Иными словами, ко времени выхода в свет «пушкинского» тома повсеместная критика «старого пушкиноведения», в разряд которого записывалась, например, деятельность участников семинара С. А. Венгерова, выпускавших историко-литературные сборники «Пушкинист» (под ред. С. А. Венгерова. СПб/Пг.: Фототипия и Типография А. Ф. Дресслера, 1914–1918), Пушкинской комиссии при Одесском Доме ученых, под грифом которой выходили сборники «Пушкин: Статьи и материалы» (под ред. М. П. Алексеева. Одесса: [б. и.] 1925–1927), московского пушкинского кружка М. А. Цявловского и Пушкинского общества, хотя и стала общим местом, но все еще провоцировала пристрастное общественное отношение к дотошным текстологам и несмелым интерпретаторам431.

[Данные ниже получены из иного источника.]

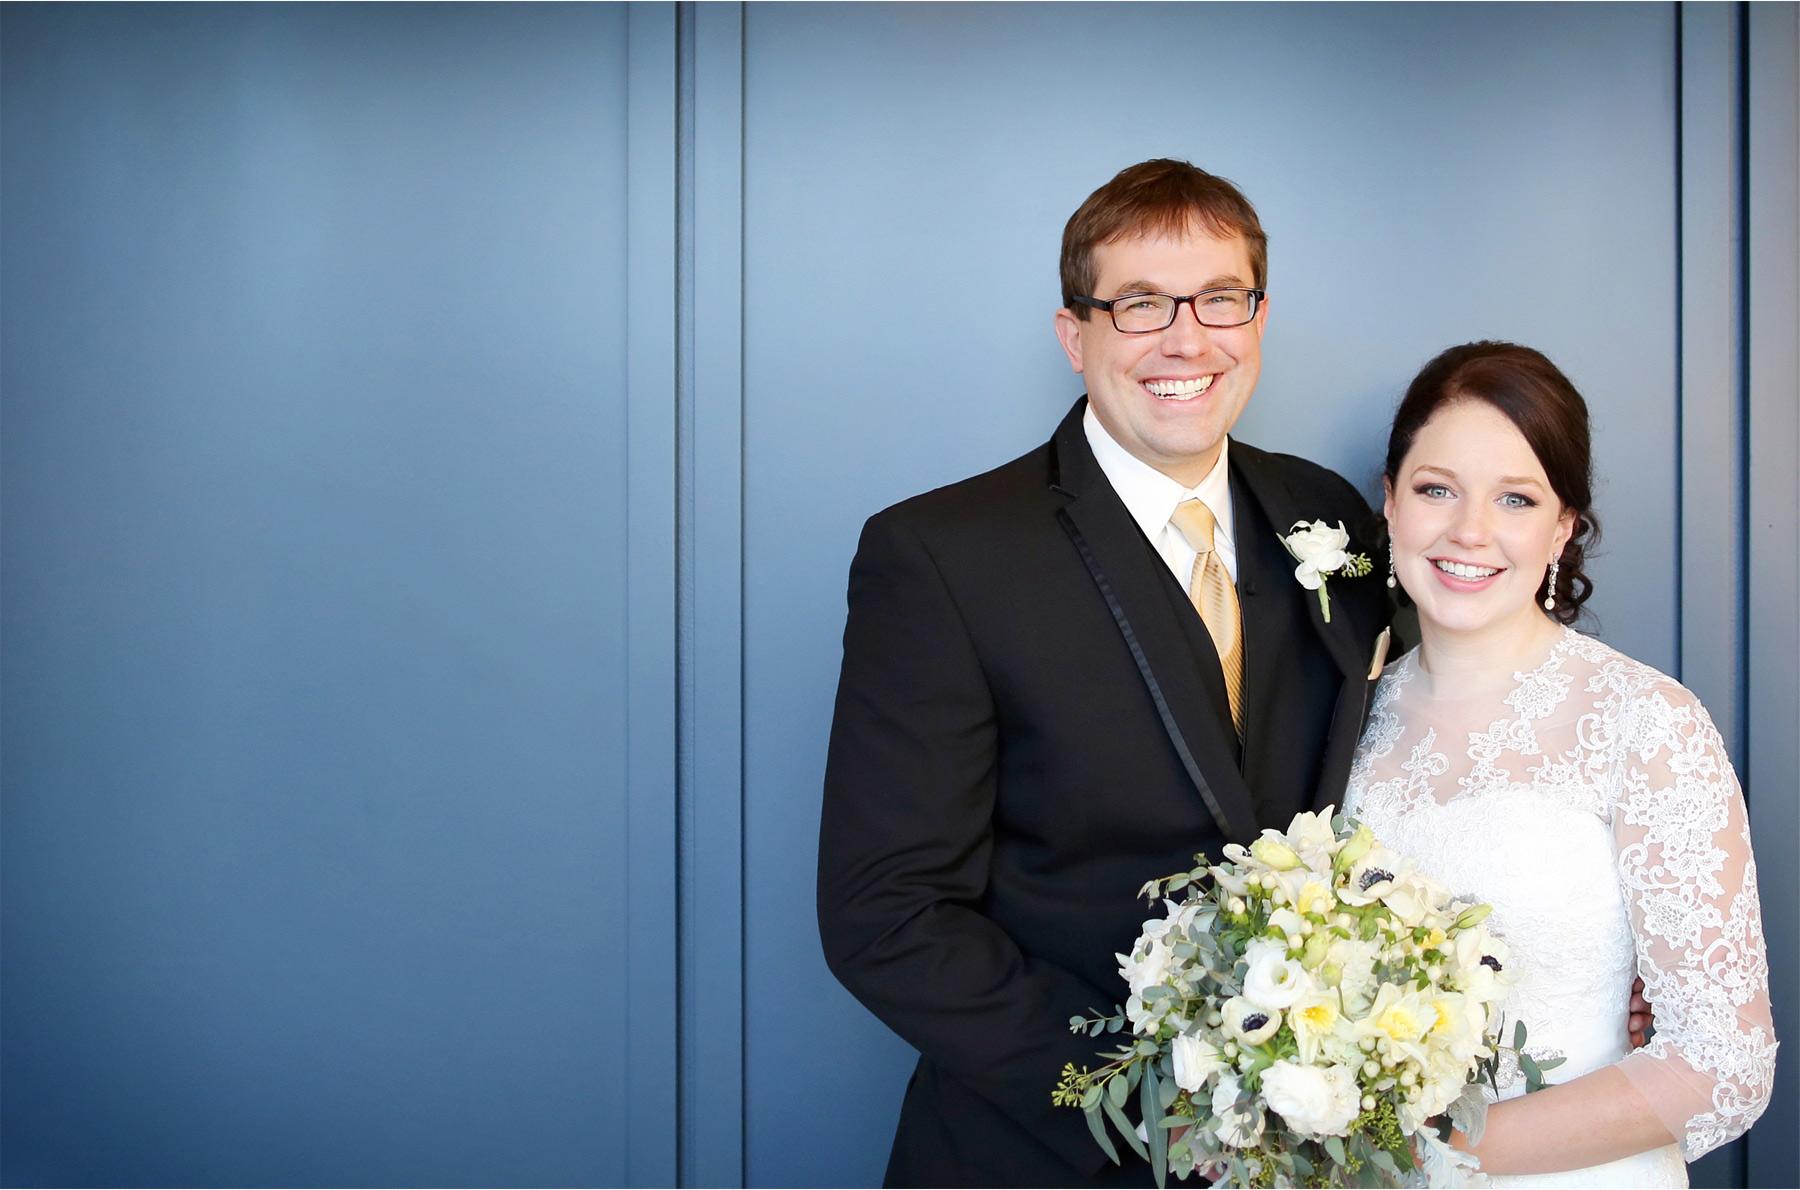 06-Minneapolis-Minnesota-Wedding-Photographer-by-Andrew-Vick-Photography-Winter-Renaissance-Hotel-First-Meeting-Look-Bride-Groom-Flowers-Sara-and-Rob.jpg

Критика эта по большей части была самодовлеющей и поэтому не задавалась вопросом о возможных путях преодоления наметившегося кризиса. Такая ситуация стала поводом к поиску перспективных теоретико-методологических путей преодоления самозамкнутости пушкиноведения. И вскоре прицельное обращение к громадному корпусу филологических штудий 1920‑х позволило приблизиться к искомому результату. Почти за десять лет до появления литнаследского тома в небольшой, но принципиально важной для профессионального круга ученых432 книге «Пушкин: Современные проблемы историко-литературного изучения» (Л.: Культурно-просветительное трудовое товарищество «Образование», 1925) Томашевский писал:
Для «Пушкинизма», как для отрасли архивной работы, характерно игнорирование литературного объекта в изучении Пушкина. Вряд ли будет преувеличением сказать, что со времен статей Белинского ничего столь же существенного по изучению историко-литературного значения Пушкина не сделано – по крайней мере, в таком же объеме. Этим, может быть, объясняется, почему оценки Белинского, обусловленные его критическим направлением, до сих пор являются определяющими в широких кругах. «Общие» работы о Пушкине все более и более становятся перепевами старого, и центр научной тяжести переносится на мелкую «эссеистскую» работу по отдельным вопросам. Этот эссеизм характерен вообще для Пушкинской литературы.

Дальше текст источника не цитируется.